The question goes as such: The number $N = {}^{20}C_{7}-{}^{20}C_{8}+{}^{20}C_{9}-{}^{20}C_{10}+.....-{}^{20}C_{20}$ is divisibly by:
(A)$3$ $ $ (B)$4$ $ $ (C)$7$ $ $ (D)$19$
There are multiple correct answers.
My attempt:
Let $\binom{n}{r}$ indicate ${}^{n}C_{r}$
${}^{20}C_{0}+{}^{20}C_{2}+{}^{20}C_{4}+{}^{20}C_{8}+.....+{}^{20}C_{20} = 2^{19}$ (1)
${}^{20}C_{1}+{}^{20}C_{3}+{}^{20}C_{5}+{}^{20}C_{7}+.....+{}^{20}C_{19} = 2^{19}$ (2)
$\therefore$ (2) - (1): $-{}^{20}C_{0}+{}^{20}C_{1}-{}^{20}C_{2}+{}^{20}C_{3}+.....-{}^{20}C_{20} = 0$
$\therefore$ (2) - (1): ${}^{20}C_{7}-{}^{20}C_{8}+{}^{20}C_{9}-{}^{20}C_{10}+.....-{}^{20}C_{20} = {}^{20}C_{0}-{}^{20}C_{1}+{}^{20}C_{2}-{}^{20}C_{3}+{}^{20}C_{4}-{}^{20}C_{5}+{}^{20}C_{6}$
If we can find $${}^{20}C_{0}-{}^{20}C_{1}+{}^{20}C_{2}-{}^{20}C_{3}+{}^{20}C_{4}-{}^{20}C_{5}+{}^{20}C_{6}$$ then then the problem is solved, but finding this seemingly small sum is a Herculean task.
We can write the sum as: $$S = ({}^{20}C_{0}+{}^{20}C_{2}+{}^{20}C_{4}+{}^{20}C_{6})-({}^{20}C_{1}+{}^{20}C_{3}+{}^{20}C_{5})$$
I tried searching online but I couldn't find any easy ways to find this sum other than manually finding each ${}^{n}C_{r}$, which is painstaking and lengthy for larger $r$ without a calculator (which is how the problem is intended to be solved, by the author).

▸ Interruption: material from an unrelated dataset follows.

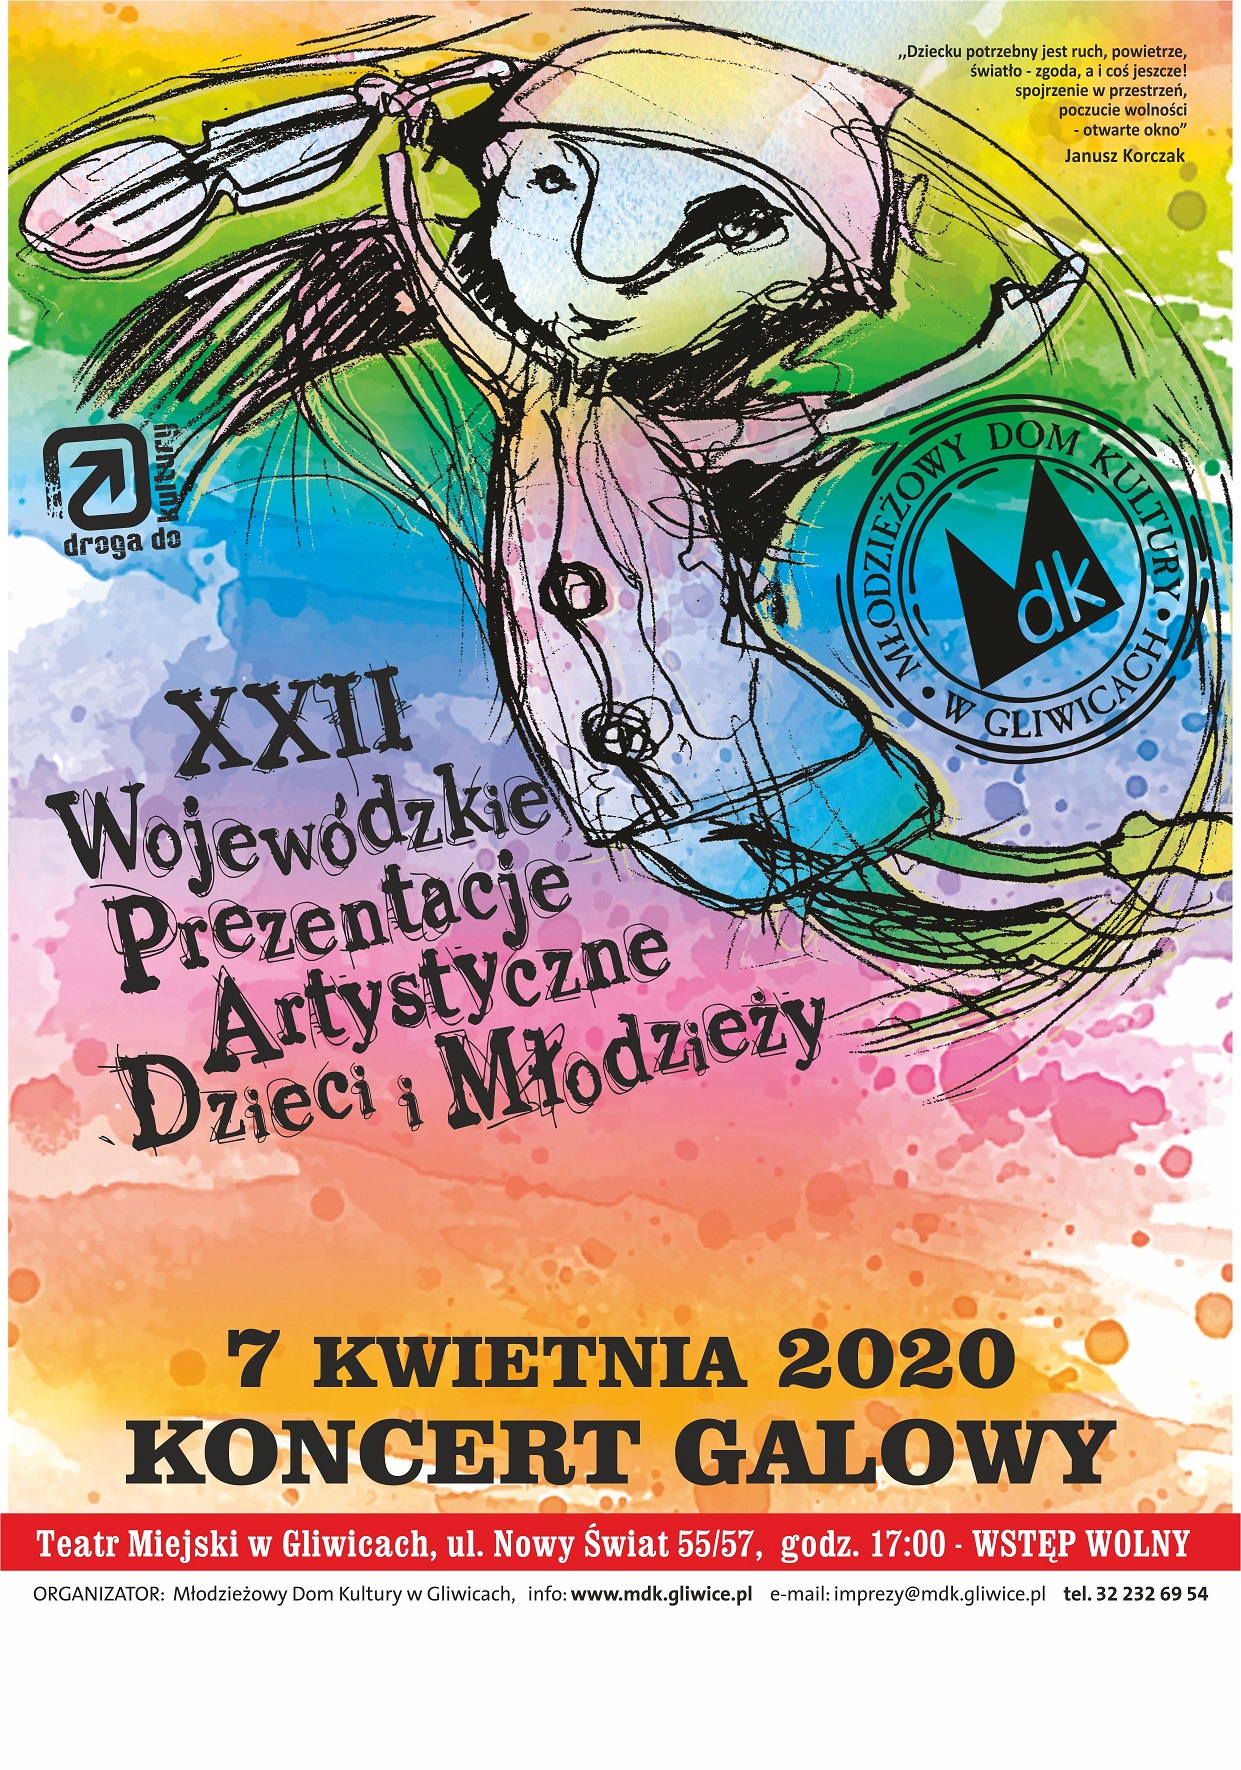 Prezentacje Artystyczne - wielkie Święto Tańca i Muzyki. Gliwice
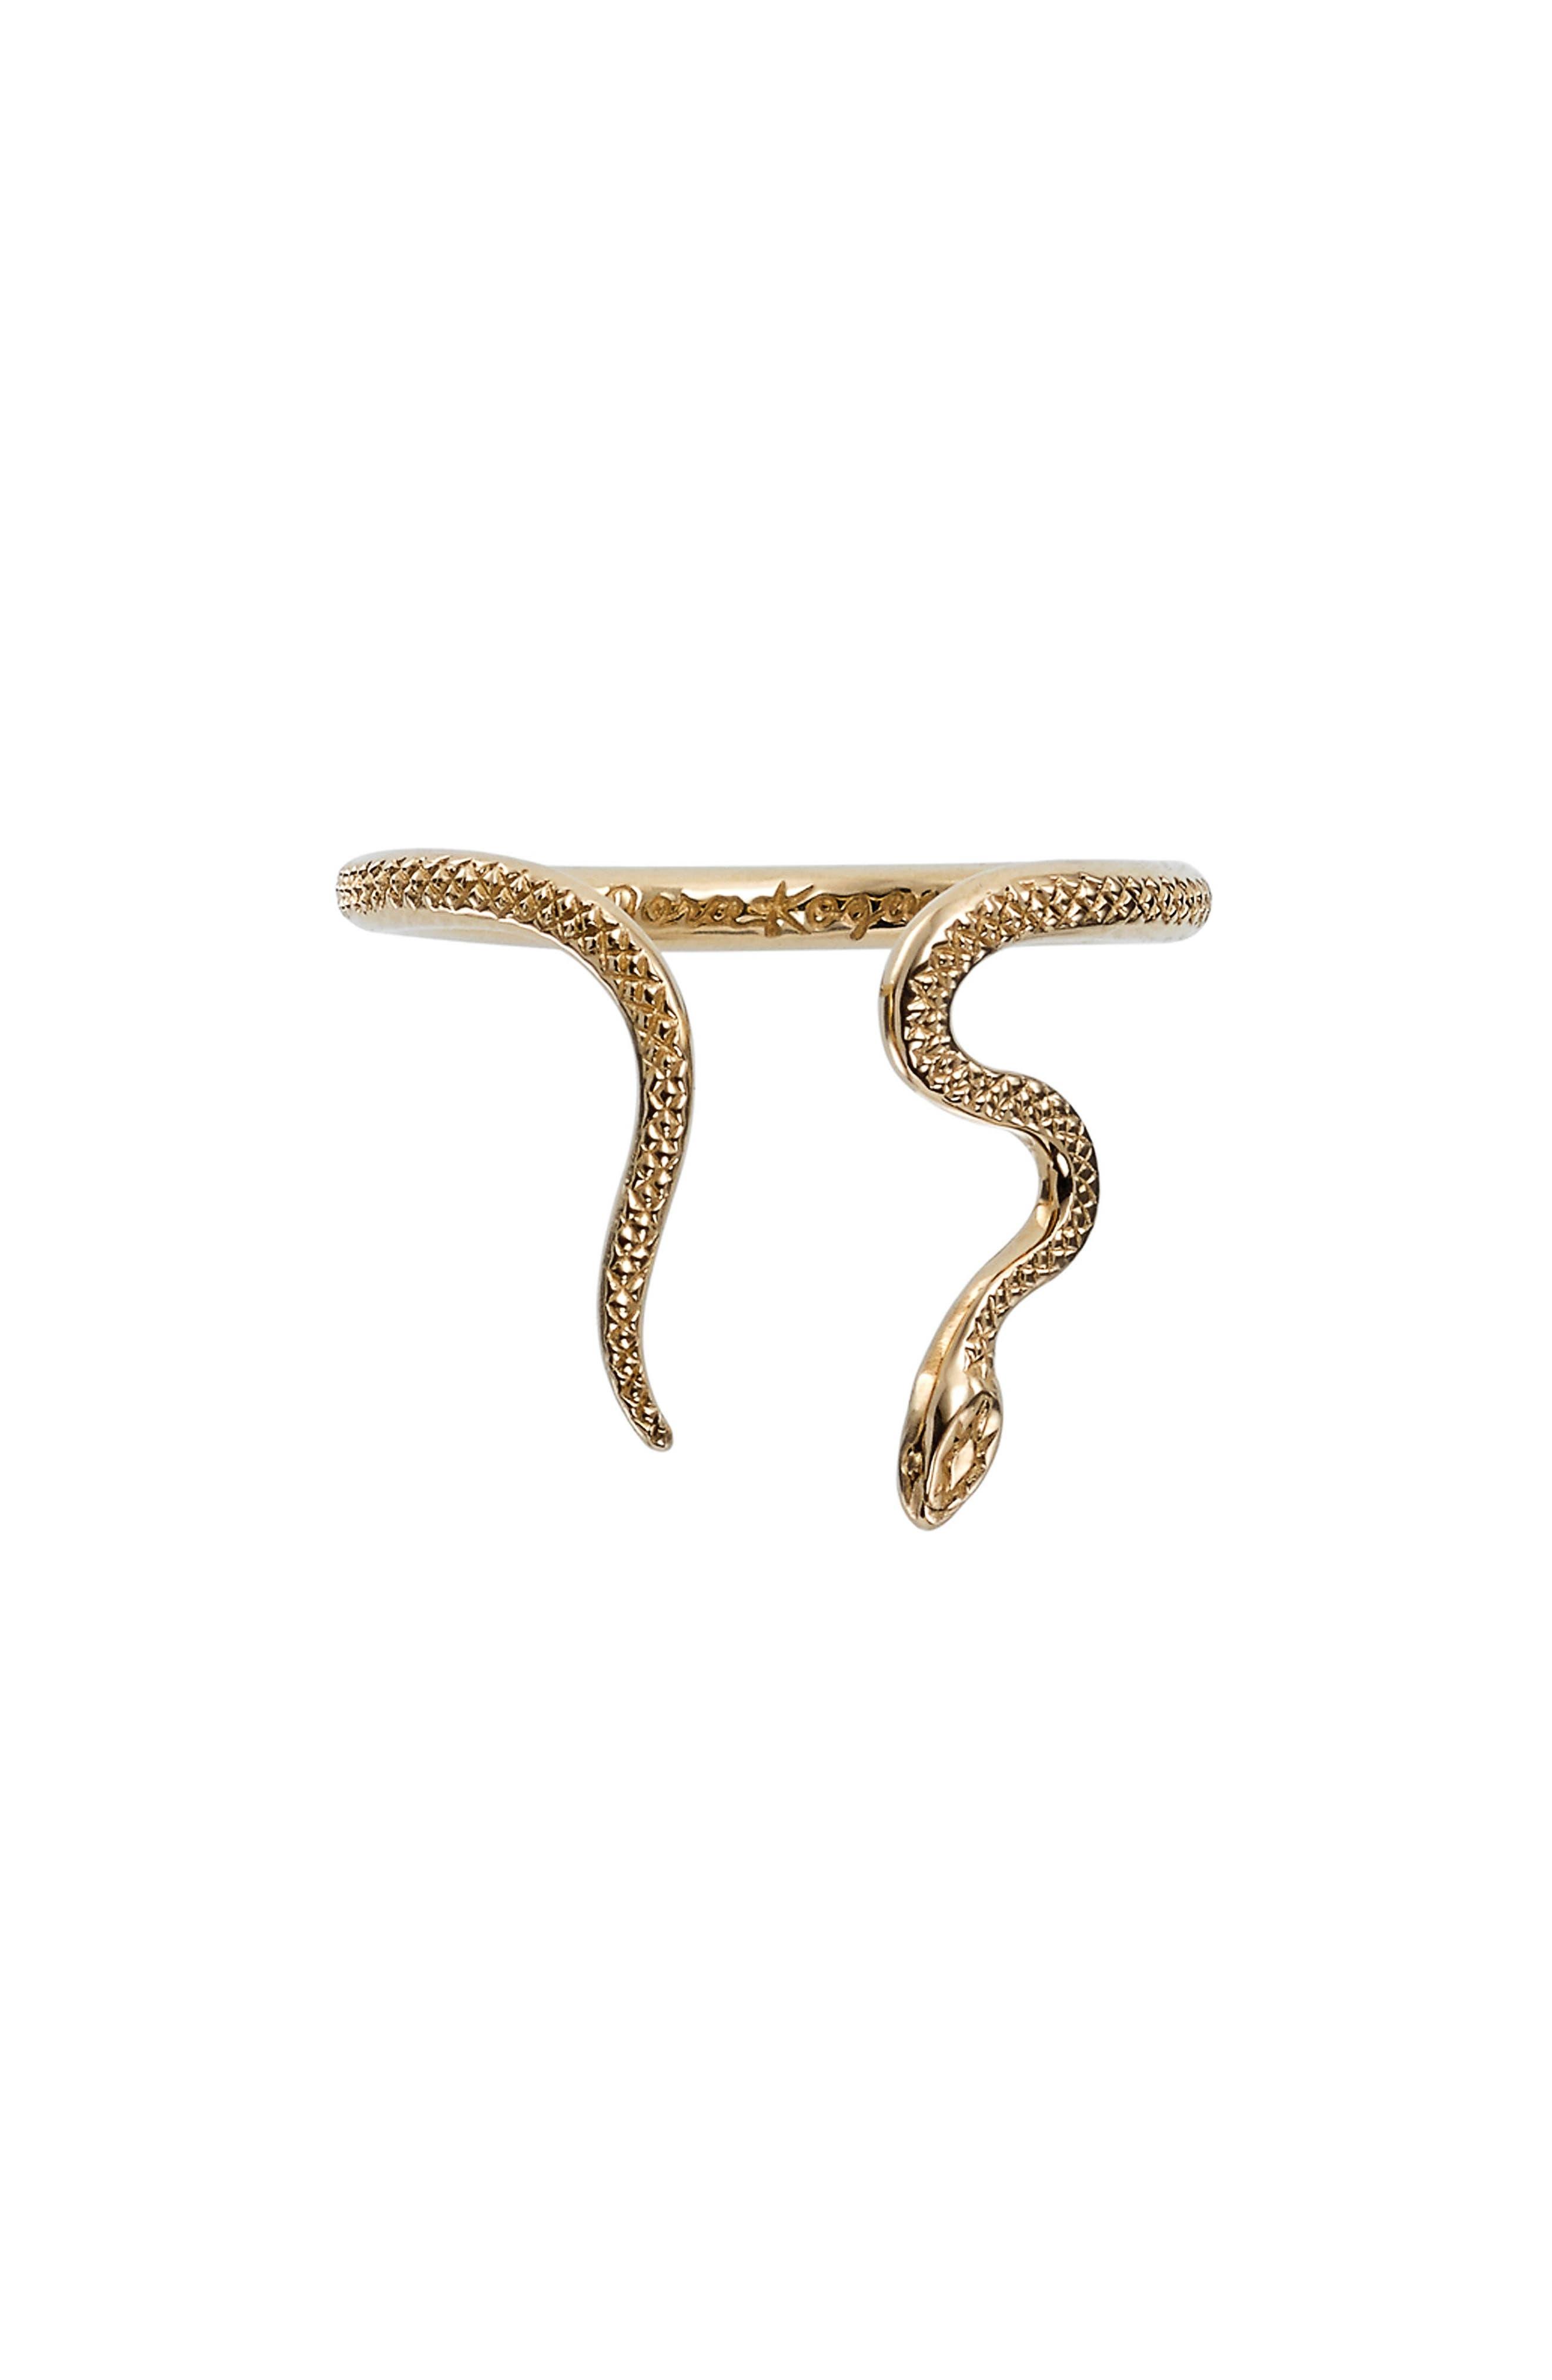 Alexandra Snake Ring,                             Main thumbnail 1, color,                             YELLOW GOLD

This led me to have another thought: Could we find the value of $\sum_{r=0}^n \binom{k}{2r}$? This would allow us to find the value of $S_{1} = {}^{20}C_{0}+{}^{20}C_{2}+{}^{20}C_{4}+{}^{20}C_{6}$, and with a similar logic we should also be able to find $S_{2} = {}^{20}C_{1}+{}^{20}C_{3}+{}^{20}C_{5}$.
But I have no clue how to proceed. Any input on how to solve the problem (without manually calculating the remaining $nC_{r}$, and either finding the sum $S_{1}$ or $S$ directly would be much appreciated.
PS: A similar problem was asked in a competitive exam in India (called JEE) in which students have to solve each problem within 4 minutes. I also intend to solve this within 4 minutes and simulate that environment, which is why I'm trying to expedite this final calculation (as it would probably take longer than 4 minutes to calculate and add all the ${}^{n}C_{r}$ not withstanding the time taken to deduce this sum), which might appear "nit-picky" to users who feel the problem is already solved.